In experiments with mice, RAGE-deficient mice have been shown to increase mortality in Klebsiella pneumoniae pneumonia but better survival in influenza A pneumonia, pneumococcal pneumonia [50] and RSV pneumonia [51]. In mice models, administration of sRAGE has also shown promising results in reducing acute lung injury [52]. Further investigations regarding RAGE expression and the effects of RAGE deficiency in COVID-19 will be required to understand whether RAGE modulation is of therapeutic value in COVID-19 patients.
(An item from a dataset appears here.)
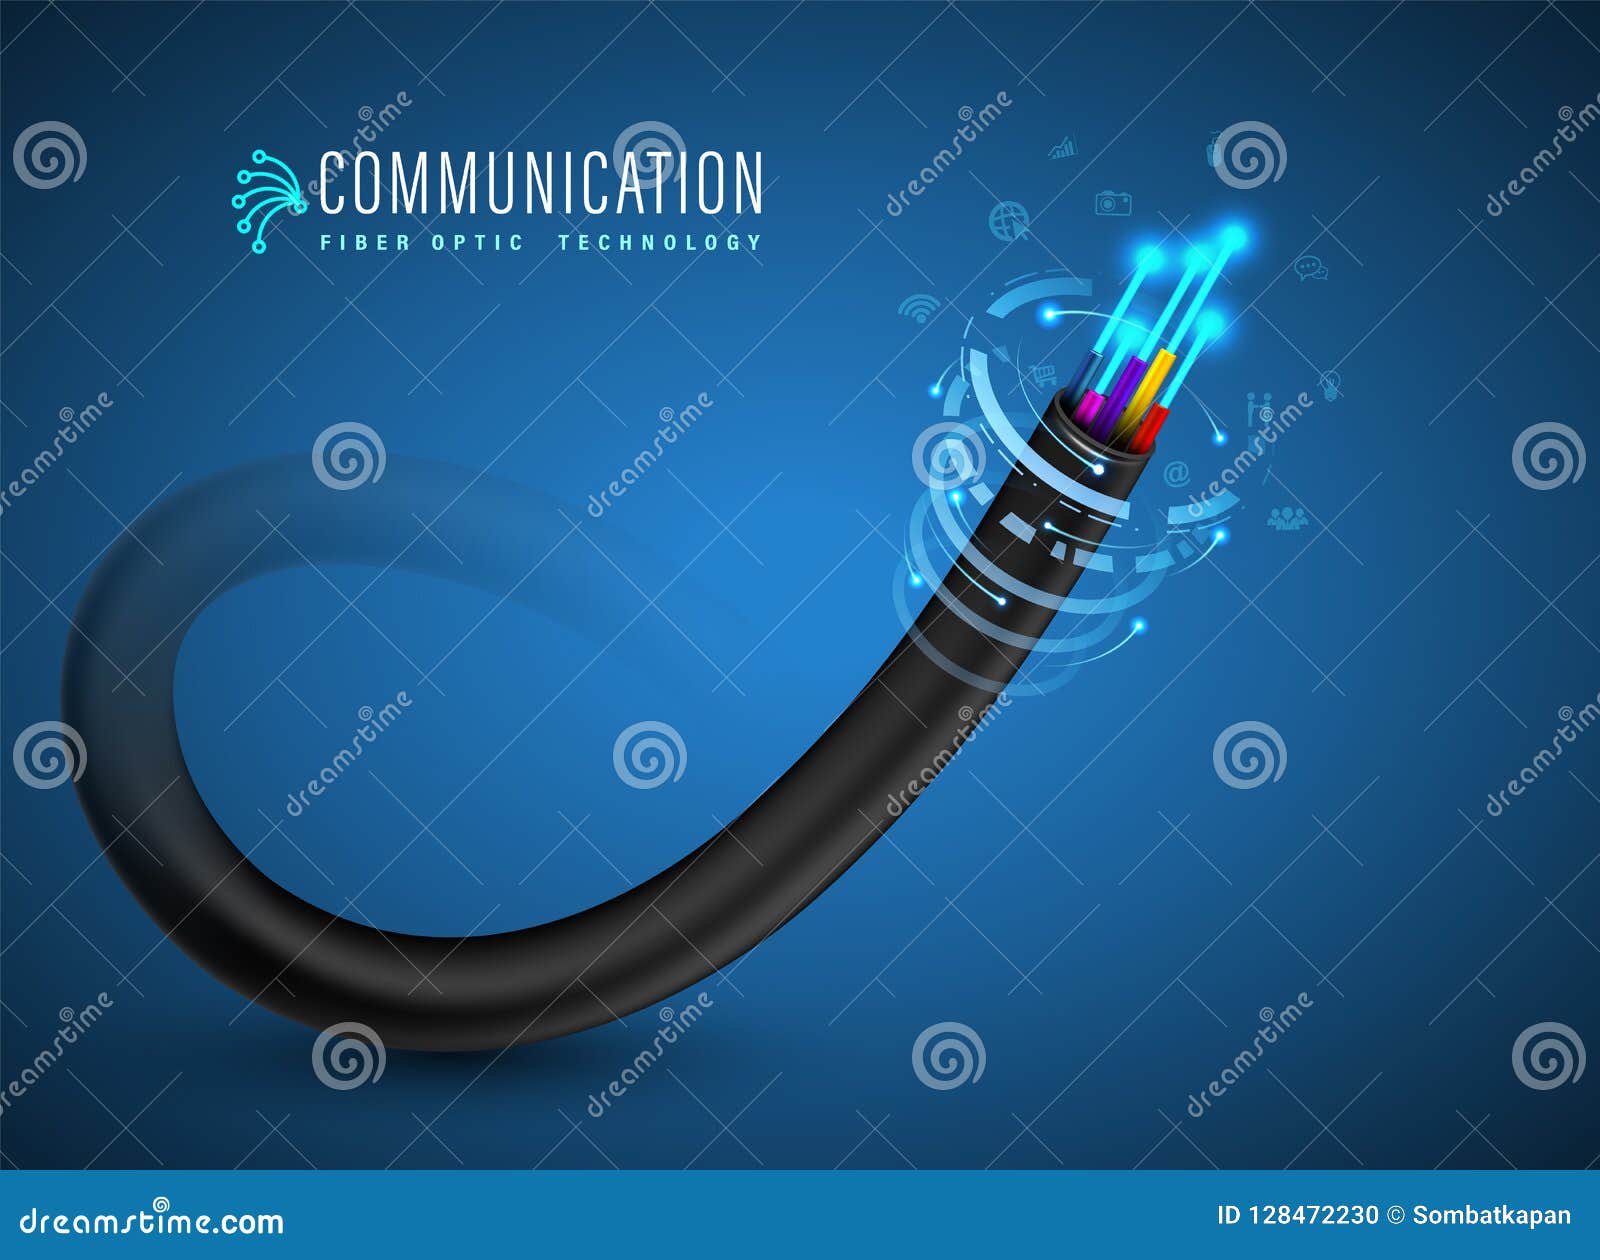 fiber optic cable for fiber optic concept and advertising communication services

It has been postulated, that RAGE plays a role in the SARS-CoV-2-mediated inflammatory response in the lungs [14, 15]. Here, it has been hypothesised, that RAGE activation is triggered by activation of the ACE/Ang II/AT1R pathway after binding of SARS-CoV-2 to Angiotensin-converting enzyme 2 (ACE2) via its spike protein (S-protein) to invade host cells. Angiotensin II increase was also hypothesised as the cause of the complex clinical picture of COVID-19 [53]. However, our data showed no difference in sRAGE levels when comparing COVID-19 and non-COVID-19 pneumonia. Furthermore, there was no difference in sRAGE levels between COVID-19 patients with mild disease and healthy controls. It could, therefore, be postulated that RAGE and Angiotensin II increase is not COVID-19 specific, but rather mirrors the severity of lung injury.

It is important to recognise the study limitations. First, the group of non-COVID-19 pneumonia cohort is small (n = 23) compared to the group of COVID-19 pneumonia cohort (n = 164) and the patients are not matched. Therefore, individual characteristics of studied patients affecting the results cannot be excluded. Further studies with more patients will contribute to the further validation of these results. Second, the bedside assessment and mechanics of breathing was not captured in this study. These factors also play a role in recognition of patients needing HFNO/MV. Third, the HFNO/MV and MV cohort as well as the number of patients with 30-day mortality was low, such that the different clinical and laboratory aspects could not be included in the regression models for more thorough interpretation of the role of sRAGE with respect to these outcomes. Therefore, continued monitoring and the inclusion of larger numbers of patients in future studies would be useful. Other limitations of this study are its retrospective analysis and single-center design as well as the lack of external validation. Furthermore, the lack of sRAGE kinetics needs to be acknowledged. It should also be noted that CT imaging of lungs was carried out only at the discretion of the attending physician and not in all patients. Therefore, future studies exploring the association of sRAGE levels with lung CT findings in COVID-19 may reveal further insights useful for improving patient care.

Conclusions

This is to our knowledge the first study to describe elevated serum sRAGE concentrations in hospitalised COVID-19 patients, linking high sRAGE with the need of HFNO/MV, MV and 30-day mortality. Our results indicate that close monitoring of serum sRAGE levels may help to improve management of patients in the ICU and warrant further studies on RAGE modulation as a potential therapy in COVID-19.